Степан Андреянович тоже не сразу обжился в новом доме. В первую зиму его одолели тараканы – два раза пришлось морозить, выходить на постой к соседям.
Трофим, частенько навещая своего дружка, высказывал сочувствие, давал советы.
«И откуда бы этой погани взяться? – говорил он, невинно тараща глаза. – Не иначе с мохом в пазы попали. Не пришлось бы тебе, Степа, перетряхивать передок-то. А то – помучишься-помучишься, да и перетряхнешь. Экое наказанье!»

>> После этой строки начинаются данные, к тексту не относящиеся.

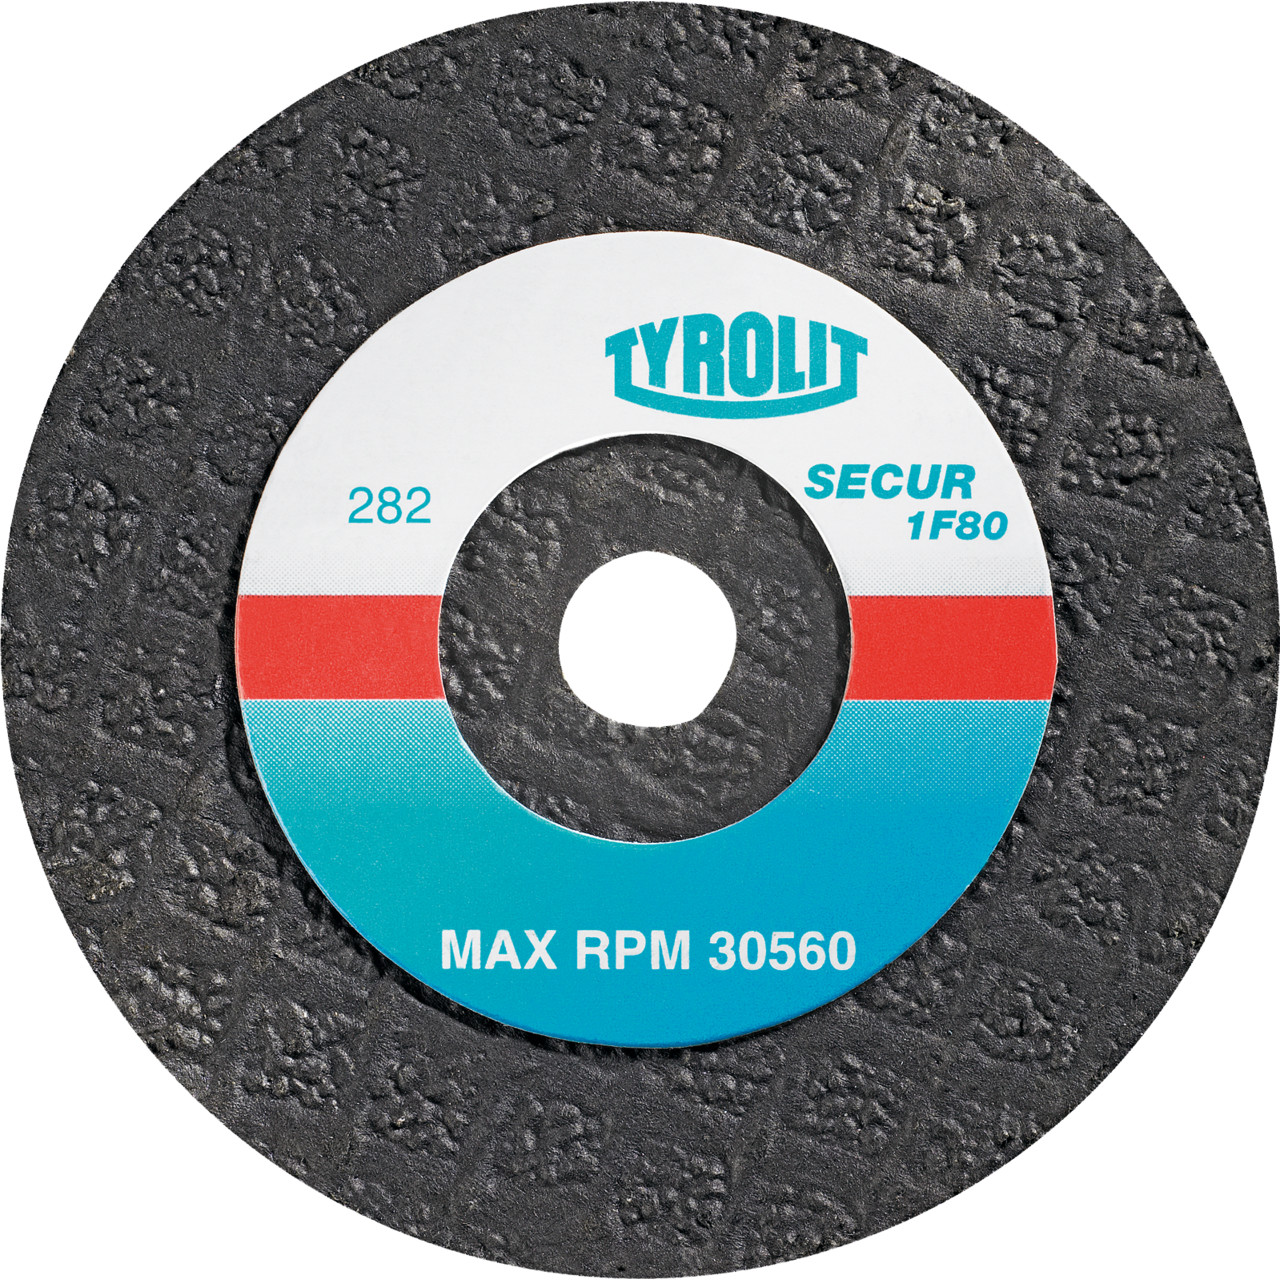 TYROLIT discos de desbaste DxDxH 50x19x10 1F80 para acero inoxidable, forma: 1F80 - versión recta (disco de desbaste), Art. 441245
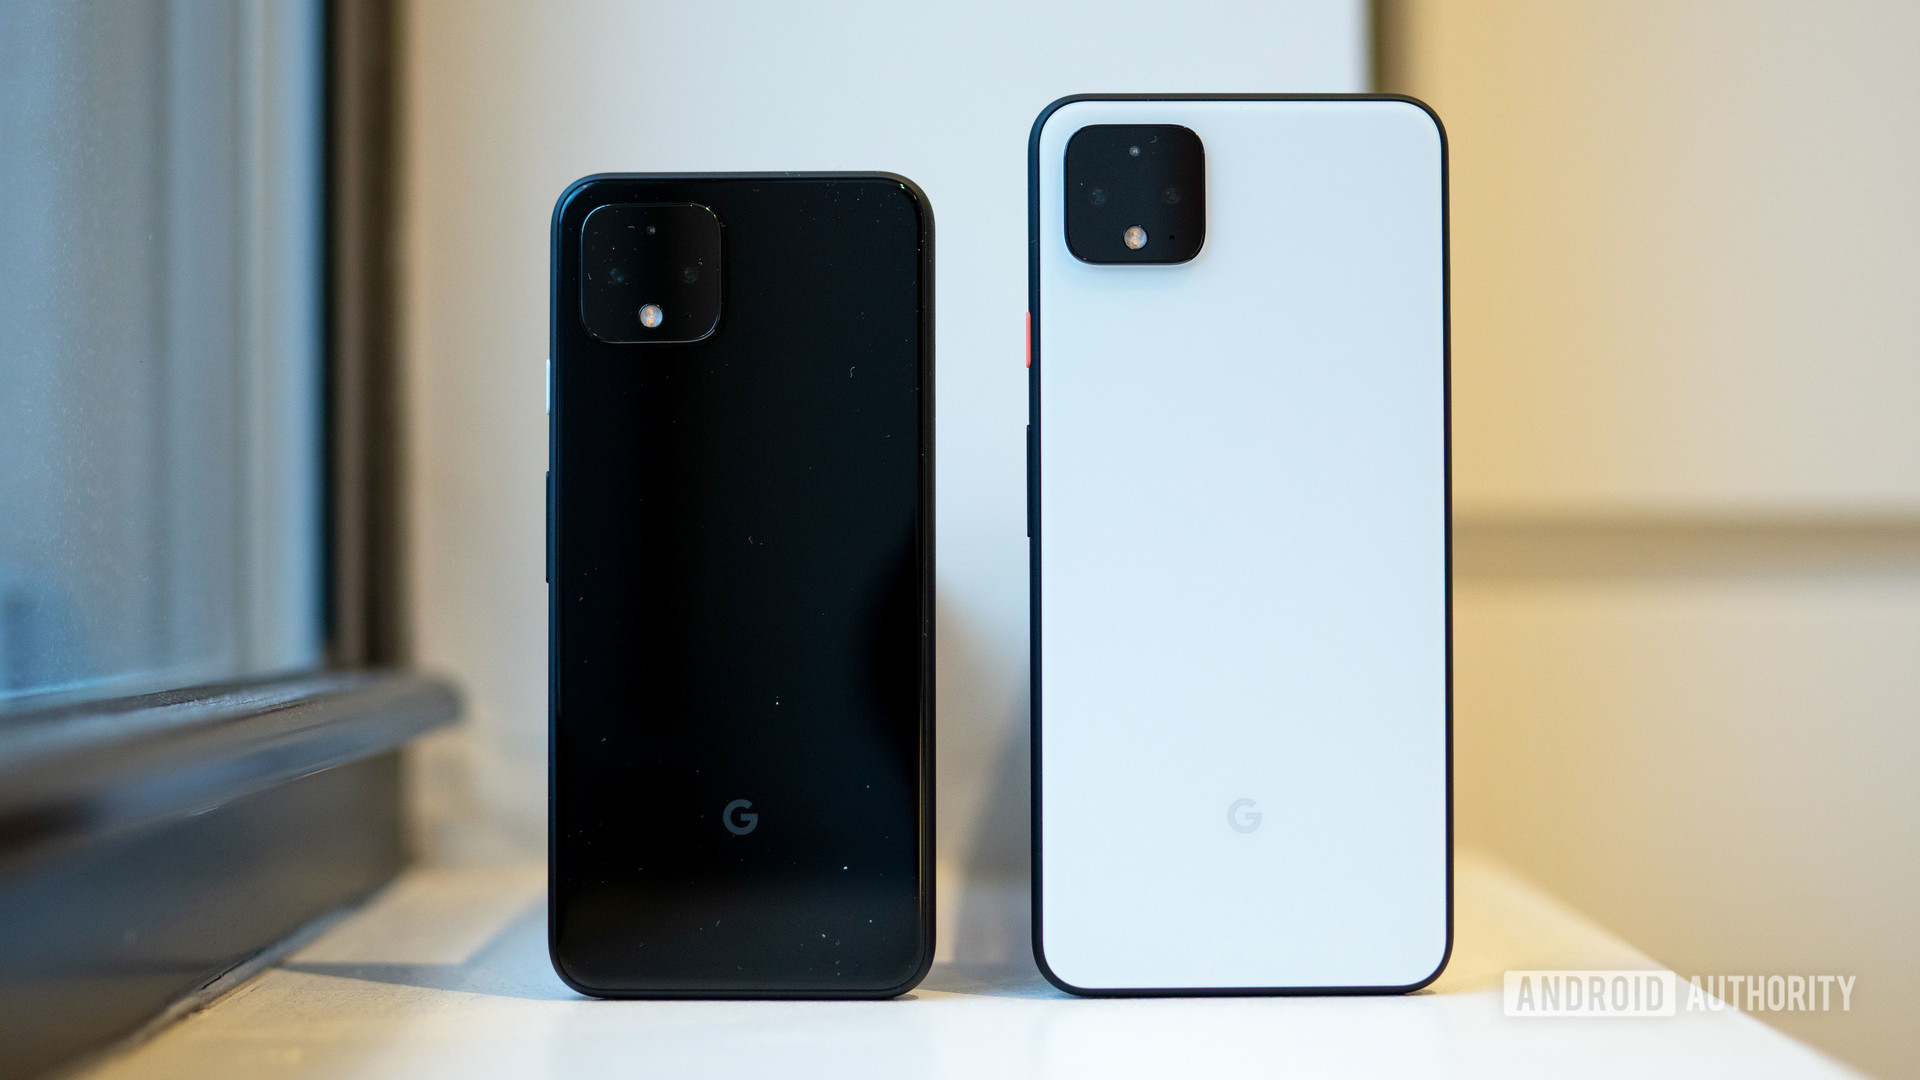 Google Pixel 4 vs Google Pixel 4 XL from the back

Потом, как-то в праздник, Трофим неожиданно предложил:
«Станови, Степан, косушку! Слово такое знаю – тараканов как рукой снимет, вот те бог!»
Нехорошее подозрение шевельнулось в душе у Степана Андреяновича. Он отказал. Трофим стал упрашивать, клянчить, под конец соглашался даже на рюмку. Степан Андреянович не поддавался. Тогда-то Трофим и выдал себя с головой.
«Ну дак попомни Троху! – закричал он вне себя. – Изведу тараканами, вот тебе бог изведу! Со всей деревни напущу!»
В следующий приход хозяин глаз не спускал с гостя. А тот за разговором, будто невзначай, обронил за лавку спичечный коробок. Степан Андреянович быстро поднял его. Из приоткрытого коробка на руку хлынули тараканы.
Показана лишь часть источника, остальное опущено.